Timber Blog

3 - Timber Blog - Converting a surround mix to 3D/binaural

As 3D audio developers we receive requests from media/film companies to help them convert their existing surround (5.1 or 7.1) catalogue to 3D audio. Ideally they do not want to remix anything, they are looking for a process that converts the existing surround mix into 3D on the fly, maybe even during playback.
This seems to be the holy grail for many film companies; a cheap and easy trick to have their whole catalogue played back in 3D audio.

Many think it is just a matter of getting five 3D engines, position each 3D engine’s source where the speaker should be and position the listener of all five engines in the sweet spot (the centre of the surround circle). Now just route each surround channel (except the LFE channel) through one of these 3D engines and we’re in business. Sounds very logical, and success guaranteed! If you’ve read our blog #2 you might already understand that it is not that simple. 
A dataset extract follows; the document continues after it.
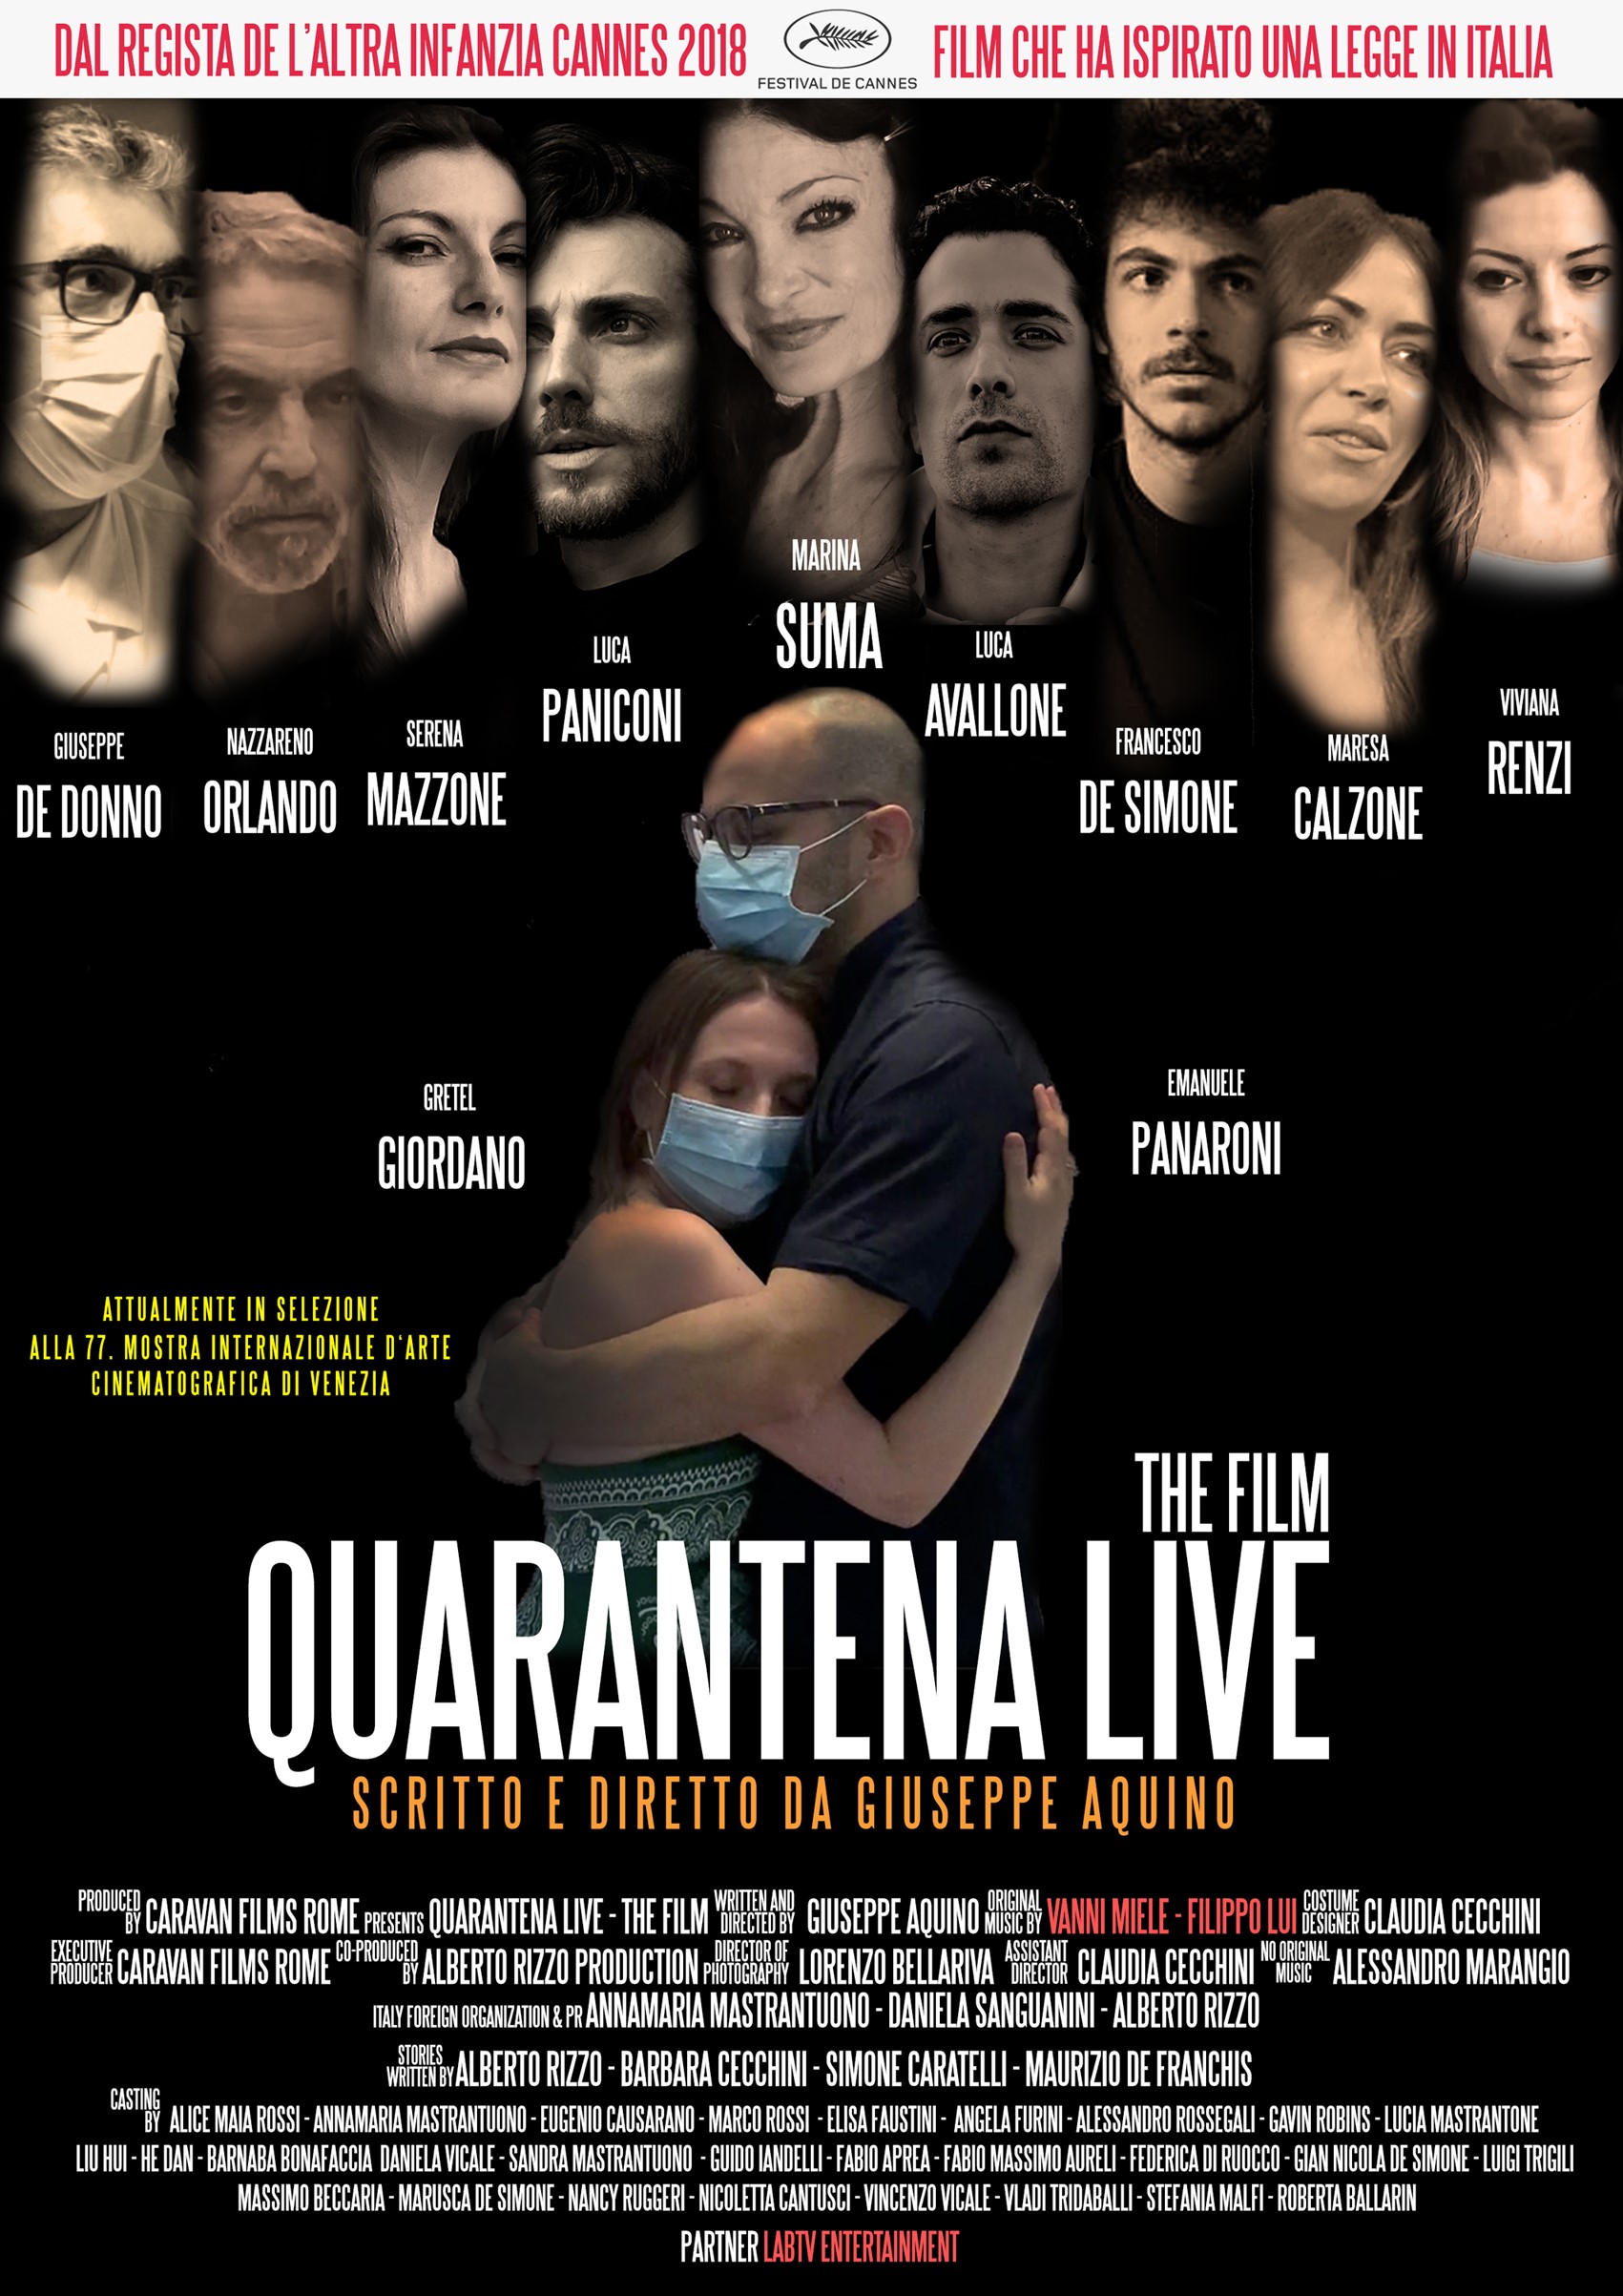 Giuseppe Aquino regista Locandina film Quarantena live the film www.giuseppeaquino.com www.caravanfilmsrome.it

What’s the difference between listening to a stereo mix over speakers or over headphones?

Mixing engineers in both music and film in general mix over speakers. In music it is quite common to verify the mix over headphones, but the first focus is always to have a good mix going over the speakers. In film mixing checking the mix on headphones is rather uncommon for the simple reason that most films are mixed in surround, and the surround mix would need to be down-mixed to stereo before you can monitor it on headphones.
In other words, when you want to hear a conventional mix as it was intended, you should use speakers.

What changes when you listen over headphones? A couple of things:
• Low frequencies
One difference between listening to a mix through speakers or headphones is the behaviour of the low frequencies; most headphones have a poor or unrealistic low frequency response. And with low frequencies physics kick in; in a cinema you will not only hear the low frequencies from an explosion, you will also feel them thanks to the subwoofers present in the venue.
At home this doesn’t happen because home subs do not have enough power to create this physical experience.

Channel separation
The biggest difference between speakers and headphones is however the channel separation. When listening to speakers, sounds from the left speaker will also arrive in the right ear, and this is influenced by the position of the listener head. (if the listener turns his head, the stereo image will shift) This means that even if a sound is played back by the left speaker only, our right ear will still hear this left speaker sound.
If the same mix is played over headphones then there is almost 100% channel separation: the same sound panned fully left will now be inaudible for the right ear. In other words, the stereo image becomes more extreme on headphones. Listening to a mix with a sound panned to the extreme left played over speakers works fine, the same mix over headphones sounds awkward and annoying, because our brain instinctively feels that it is unnatural to experience a sound in one ear, and not in the other ear.
(in music mixing it is common knowledge that you can pan an instrument fully to one side, as long as there is an instrument with a similar part playing on the right to avoid this effect)

Room interaction
Another difference is that speakers interact with the room. A sound played by the left speaker only will reflect against the walls, ceiling and floor, and this will diffuse the sound and it’s originating point slightly, and make it become ‘part of the room’. In a way some reverb is added which will reach both ears. On headphones this does not happen, the sound reaches both ears very direct and independent, and no ‘room acoustics’ are added.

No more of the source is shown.